都内では大型の再開発が進行しており、渋谷で桜丘エリアでも2023年度の竣工に向けてビルも完成してきています。また東京駅八重洲口エリアでは「東京ミッドタウン八重洲」が2022年9月に先行オープンしました。こうした都心部の発展も周辺や沿線上の地価上昇や住宅需要の増加につながる可能性もあります。
東京の新線・延伸計画
2022年には都内の新線・延伸計画もいくつか発表されました。
3月には地下鉄有楽町線・南北線の延伸につき鉄道事業許可の報道が東京メトロからありました。有楽町線は「豊洲」駅から「住吉」駅まで延伸する計画で東京東エリアから湾岸エリアへのアクセスが向上します。南北線は「白金高輪」駅から「品川」駅まで延伸するもので、南北線からリニア中央新幹線の開業が予定されている「品川」駅の接続が向上します。

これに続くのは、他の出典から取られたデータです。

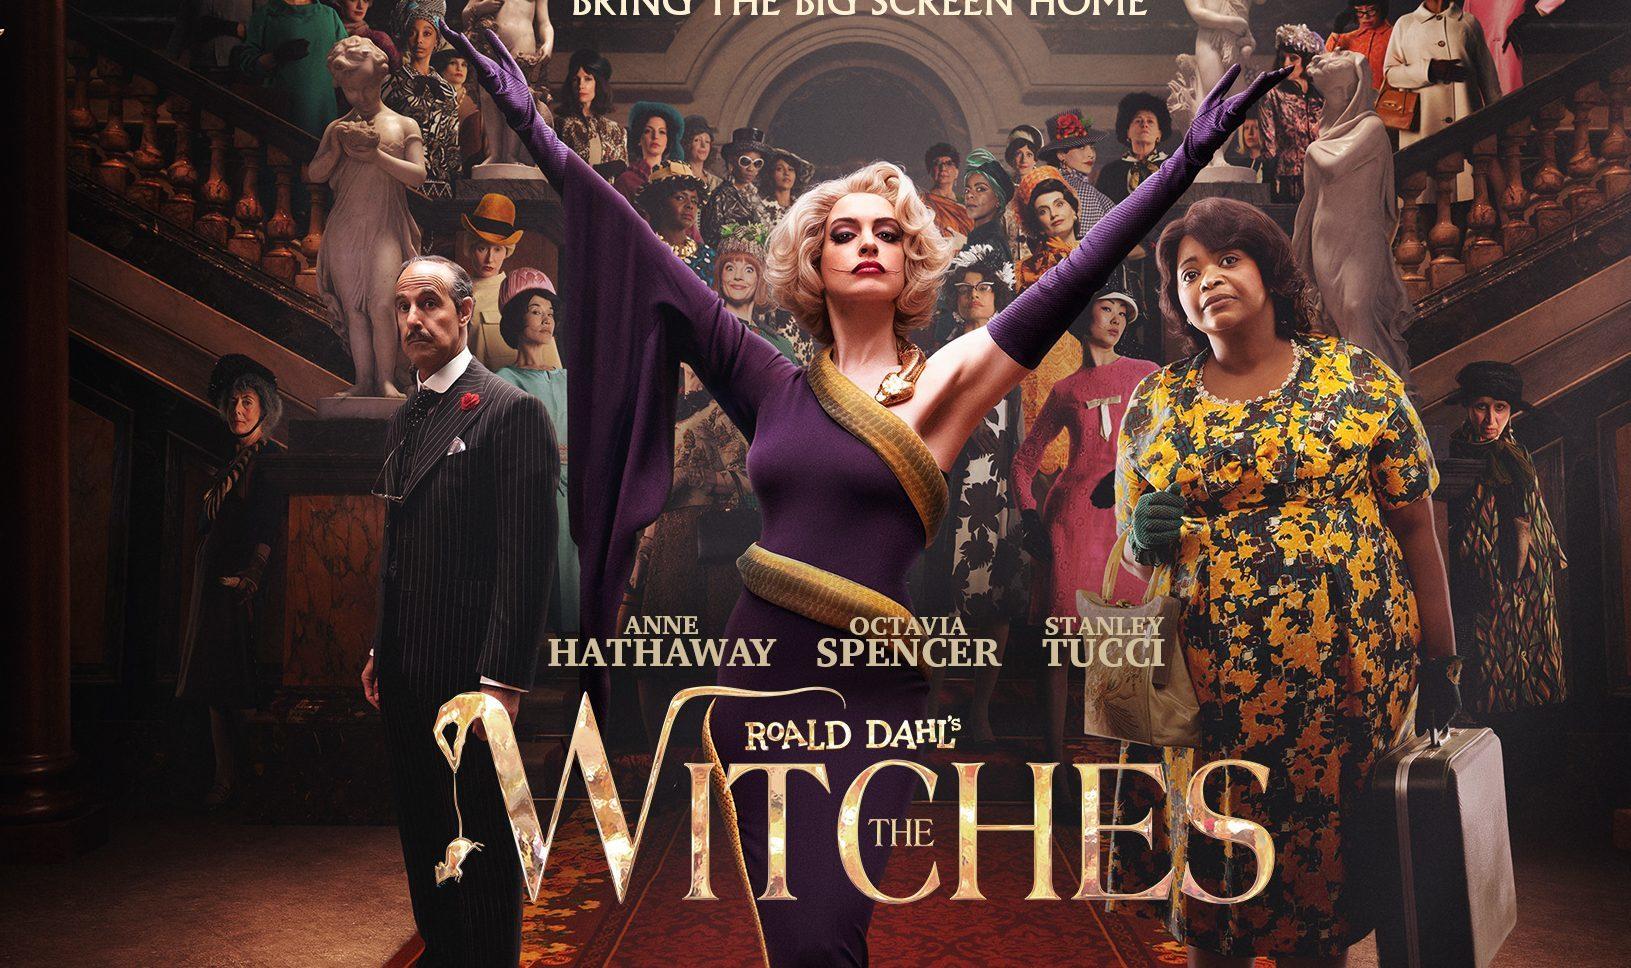 'Công chúa' Anne Hathaway vào vai phù thủy tối thượng đẹp ma mị

6月にはJR「蒲田」駅と「京急蒲田」駅を結ぶ「新空港線(蒲蒲線)」が東京都と大田区で費用負担について同意したとの発表がありました。開業すればJRや東急線などから羽田空港へのアクセスが向上すると考えられます。
11月には東京都から都心部・臨海地下鉄構想の発表がありました。東京駅からベイエリアの「有明・ビッグサイト(仮称)」駅まで新たな地下鉄を運行する構想です。つくばエクスプレスを東京駅まで延伸してこの線と結ぶ構想や羽田空港と東京駅を結ぶ「羽田空港アクセス線」との接続も検討されています。
まとめ
以上2022年の出来事をざっと振り返ってみました。各方面で新型コロナからの影響を脱しつつある事が分かります。
東京では再開発や新線計画も多くなり将来的なポテンシャルも高まっています。東京の地価やインバウンドなども今後は本格駅な回復軌道に乗る可能性も高くなってきました。
新型コロナからの脱却のターニングポイントとなった年だったのではないでしょうか。